Still, I open another button on my blouse to make the outfit less prim. Which exposes most of my right boob. Oops.

Buttoning up again, I tell Lane, “That’s the thing about living in the city. It’s not like you can just run home before you go someplace after work.”

“Where do you live?”

“Upper East Side. How about you?”

“East Fifty-fourth at Second Avenue.”

Ah, practically around the corner. If I lived that close, I’d run home to change.

I watch Lane put her lipstick into a black cosmetics bag, then zip that, along with her clothes, into a matching black garment bag hanging on a stall door. Wow, she’s organized.

I guess I could have had the foresight to bring a nice dressy outfit to work, like she did.

However, I was too bleary-eyed and stressed this morning from getting less than five hours’ sleep after being stuck at the office till midnight last night.

You know, since I moved into the Creative Department, my life is not my own. It’s really starting to make me wonder…

Okay, it’s not starting to make me wonder.

It’s continuing to make me wonder:

Is this how I really want to spend my life? (Or at least, the career portion of my life, which lately seems to encompass everything else anyway.)

At which point, I wonder, do I finish wondering and start deciding…and doing?

Something else to wonder: if I did bring makeup and a change of clothes to work, would I have to carry them in a quart-size Ziploc and a Handle-Tie Hefty?

The answer to that, at least, is clear: absolutely. The beautiful matching luggage set Jack and I bought for our Tahitian honeymoon was lost a few months ago by the airline somewhere between New York and Buffalo when we flew up to spend Christmas with my family.

Lane, who probably spent Christmas skiing in Switzerland, tosses her auburn hair. “Well, have fun tonight, Tracey! See you Monday!”

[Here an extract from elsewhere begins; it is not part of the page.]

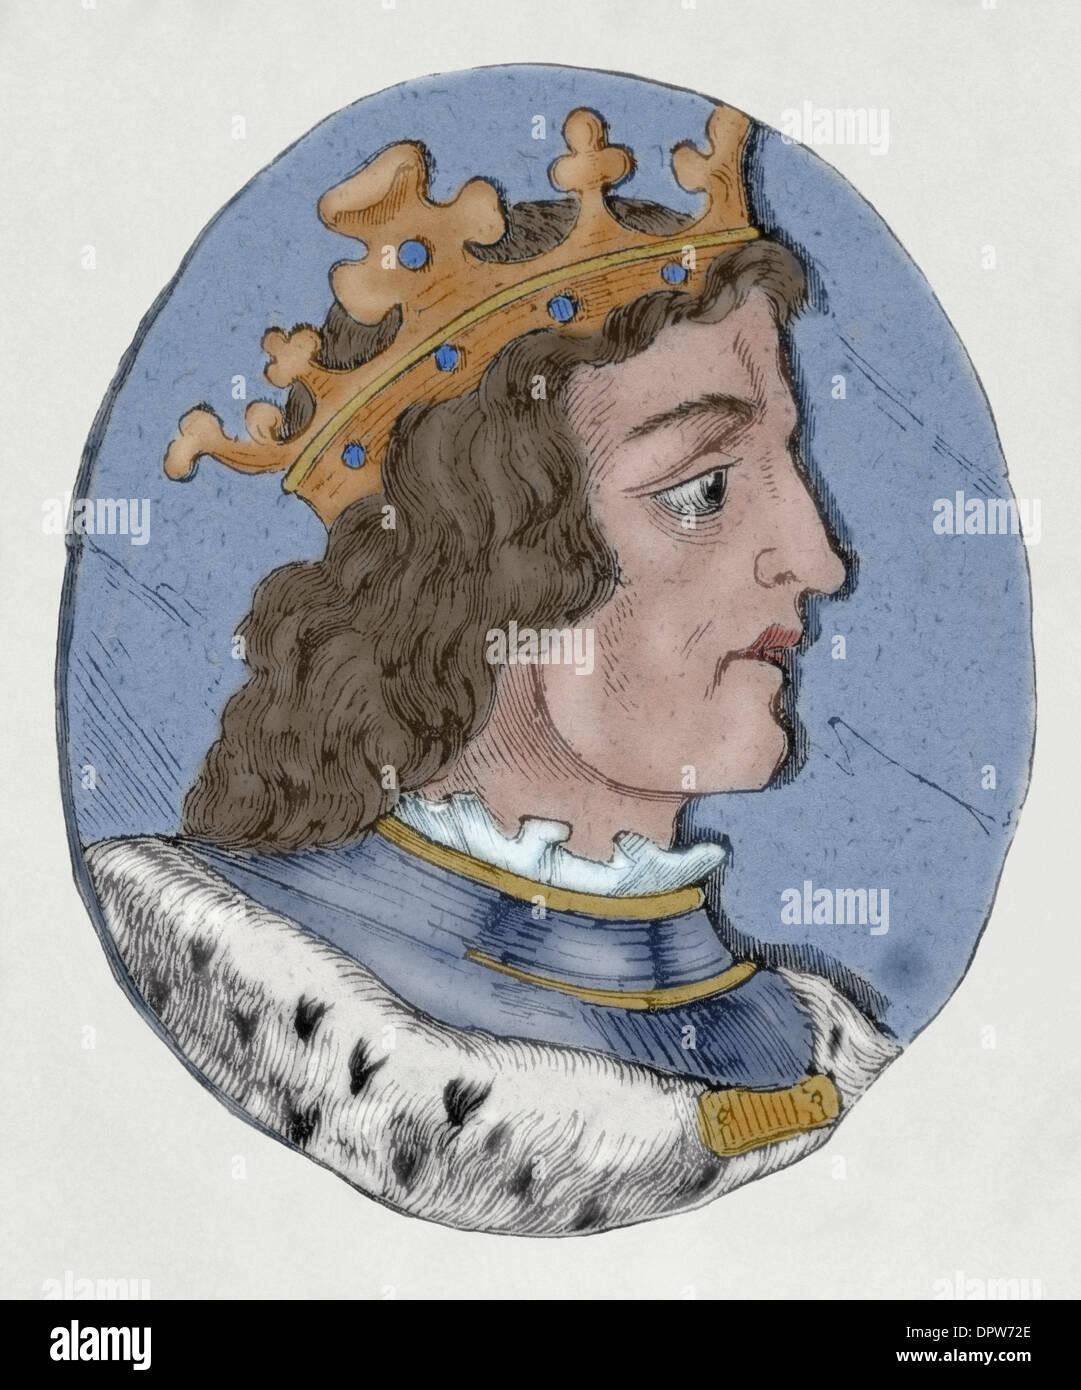 Ramiro III (961-985), roi de León (966-984). La gravure. De couleur. Photo Stock

She swings out of the ladies’ room in her fabulous, sexy little number.

The number being 0, you’ll recall. In lieu of –2.

I look at myself in the full-length mirror next to the hand dryer.

I’m usually a 6 or 8, though I’m a 4 at Ann Taylor, which is my favorite place to shop. Did I mention I’m a size 4 there?

If there’s anything I’ve learned these last few years, it’s that everything is relative.